Make your Speech Recognition System Sing

What You Can Gain From Using Voice Recognition Datasets for Machine Learning

Your data can be the difference between an efficient and cost-effective voice recognition system and one that doesn’t work very well. When it comes to machine learning, one of the most important components for a successful launch and return on investment is data. If you’re planning to build a voice recognition system or conversational AI, you’ll need a big speech recognition dataset. Pre-labeled datasets could be the solution. One of the struggles that many companies face today is how to get the data they need and to ensure that they’re getting high-quality data, which will help them build a successful machine learning model.

How Speech Recognition Datasets Can Benefit Your Organization

The importance of pre-labeled datasets is in how they can benefit your company or organization. Pre-labeled datasets allow organizations to get to the deployment phase faster and with spending less money. When you opt for a pre-labeled dataset instead of building your own or purchasing a custom dataset, you can spend the majority of your team’s time and money on building and training your speech recognition model. When you’re less focused on collecting and labeling data, all of your resources can be spent on building and training your model, which results in a higher quality, better model. When you have a better model, you get a higher return on your investment, with better results and better insights. No matter where you are in the world, you can benefit from pre-labeled data at your organization. Pre-labeled datasets offer better data at a more affordable cost, allowing more organizations to effectively build and launch speech recognition machine learning models.
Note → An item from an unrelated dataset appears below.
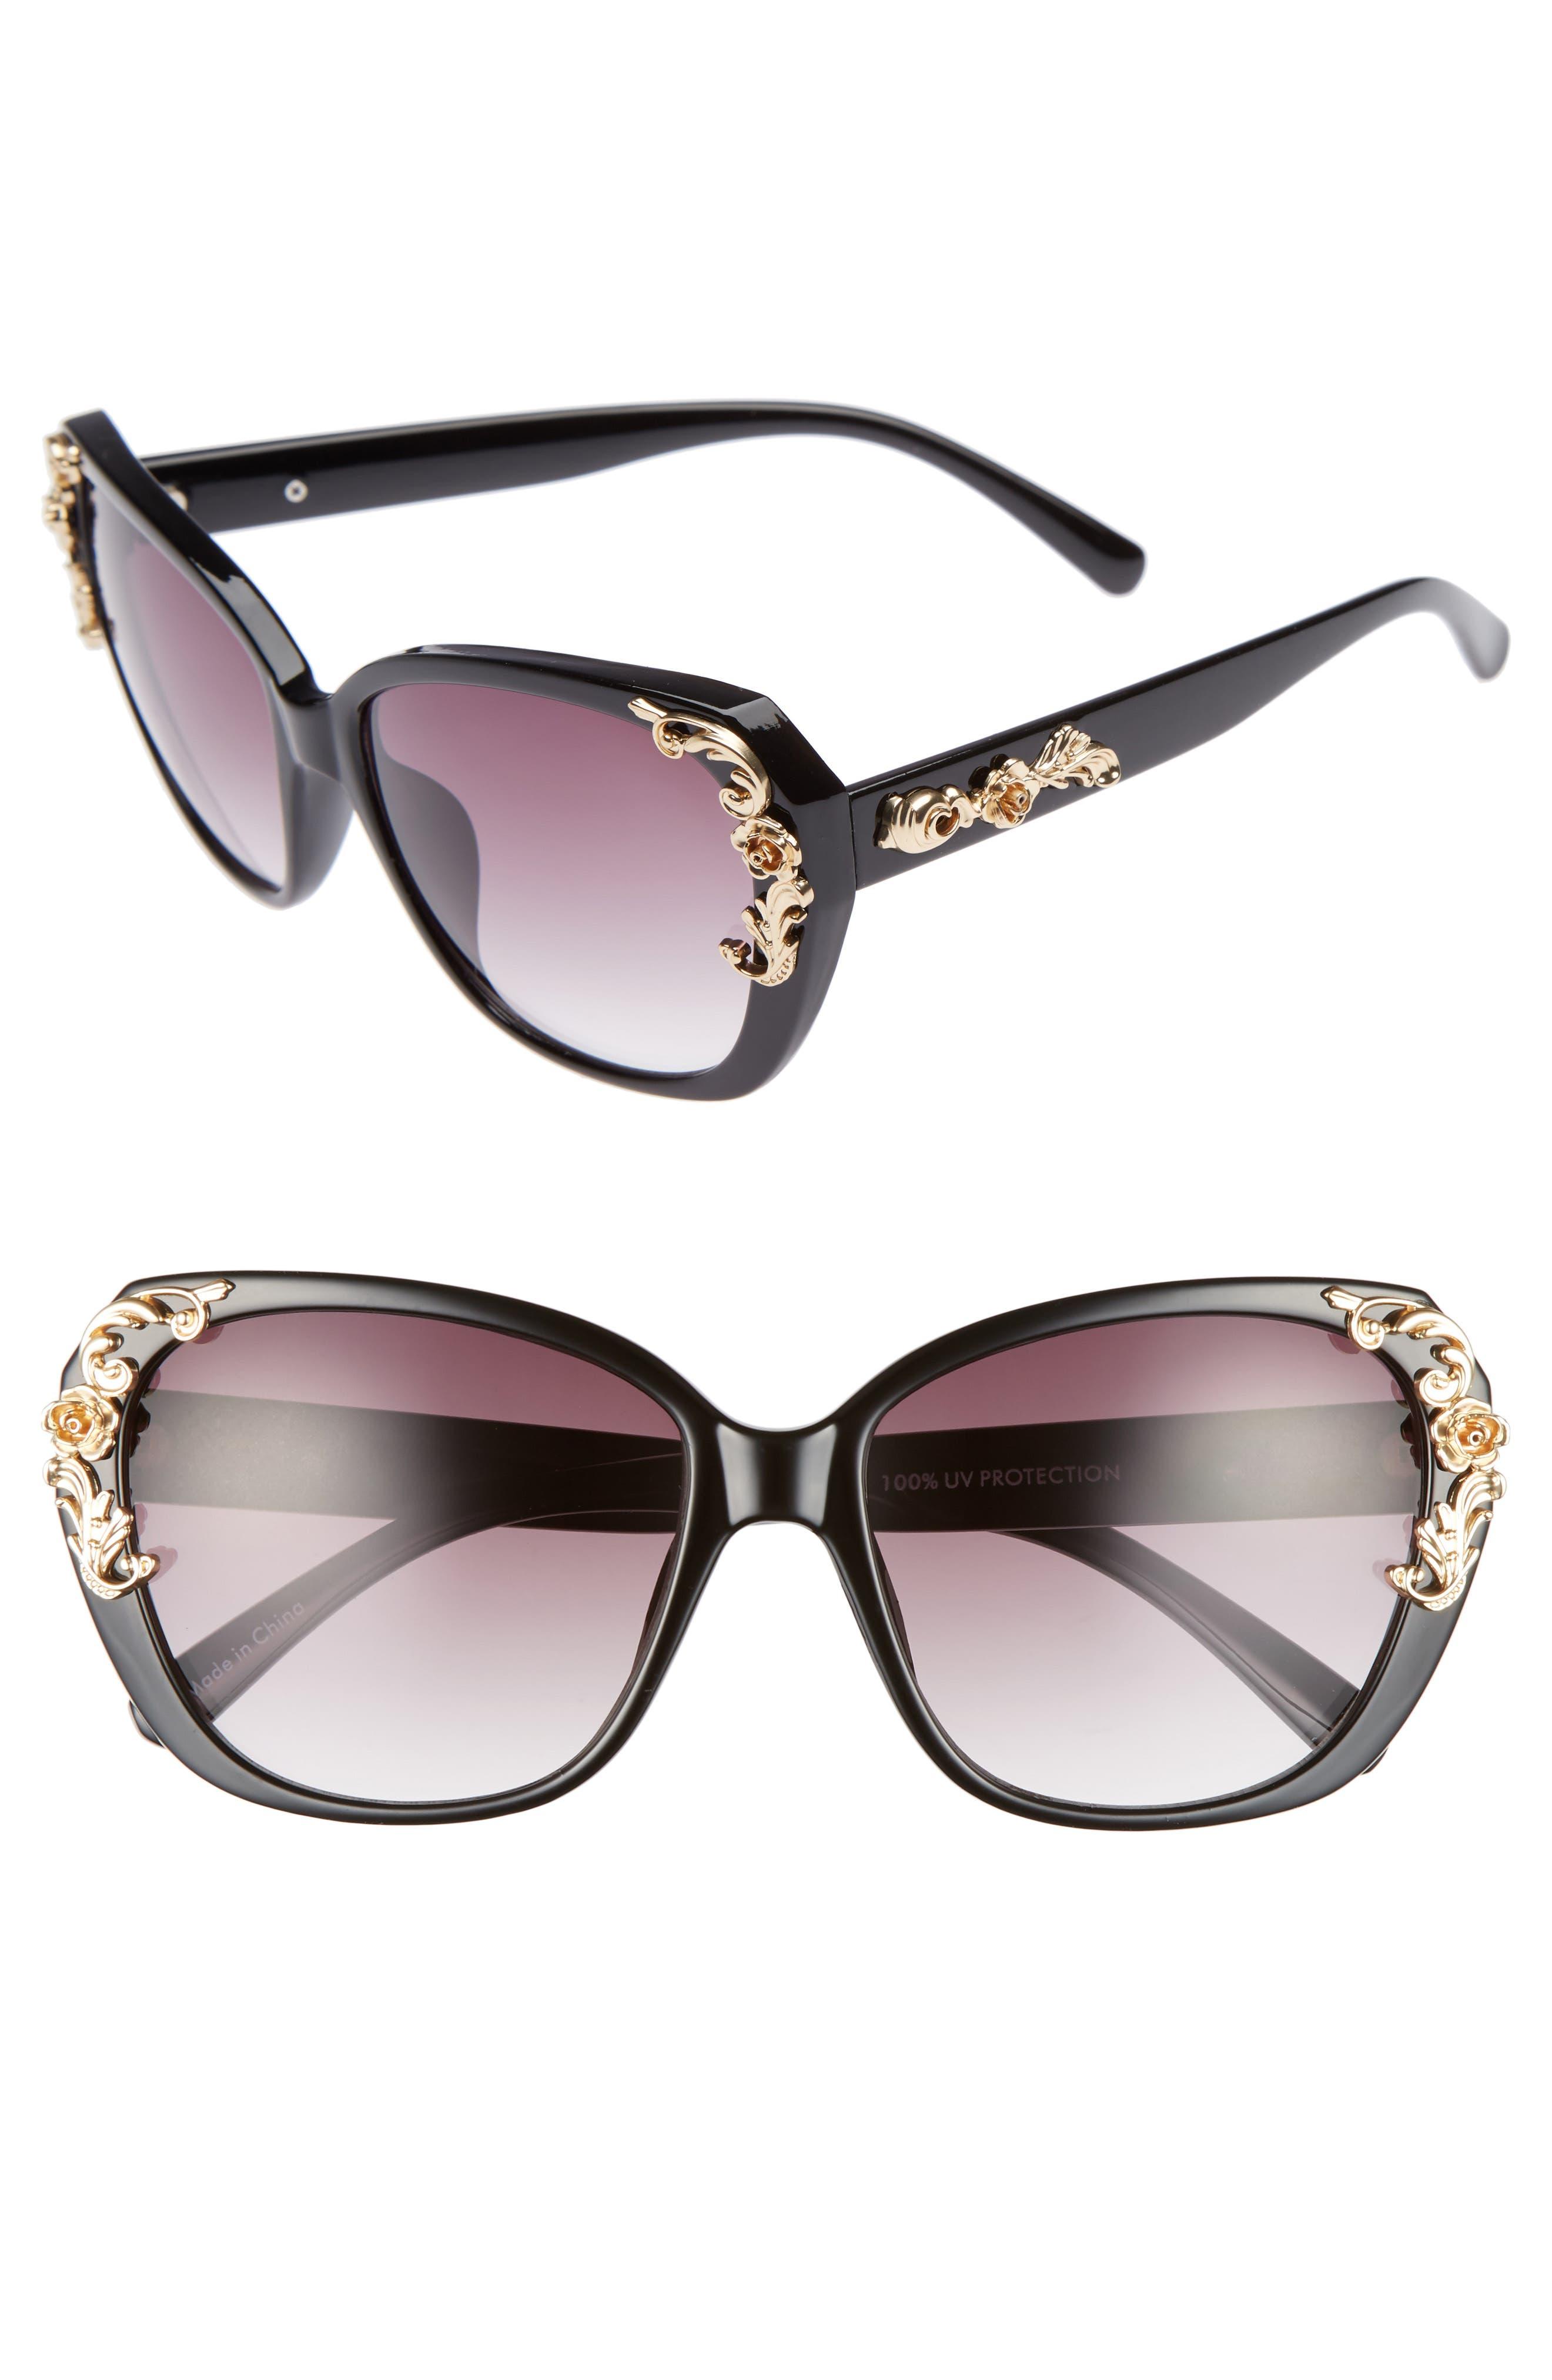 56mm Filigree Embellished Square Sunglasses,                             Main thumbnail 1, color,                             005

Pre-labeled Datasets in Practice

An example of a pre-labeled dataset in practice comes from MediaInterface. While MediaInterface has been working with healthcare-related institutions and collecting data for over 20 years, the vast majority of their data is in German, which is the language spoken in their primary markets. When MediaInterface wanted to expand to France, they needed data. Another hurdle they faced is that much of the place name data was redacted due to GDPR protections and guidelines. That’s when MediaInterface came to Appen. Using one of Appen’s pre-labeled datasets, MediaInterface was able to get 21,000 French names and 14,000 place names in their dataset. This data helped them to launch efficiently in a new market.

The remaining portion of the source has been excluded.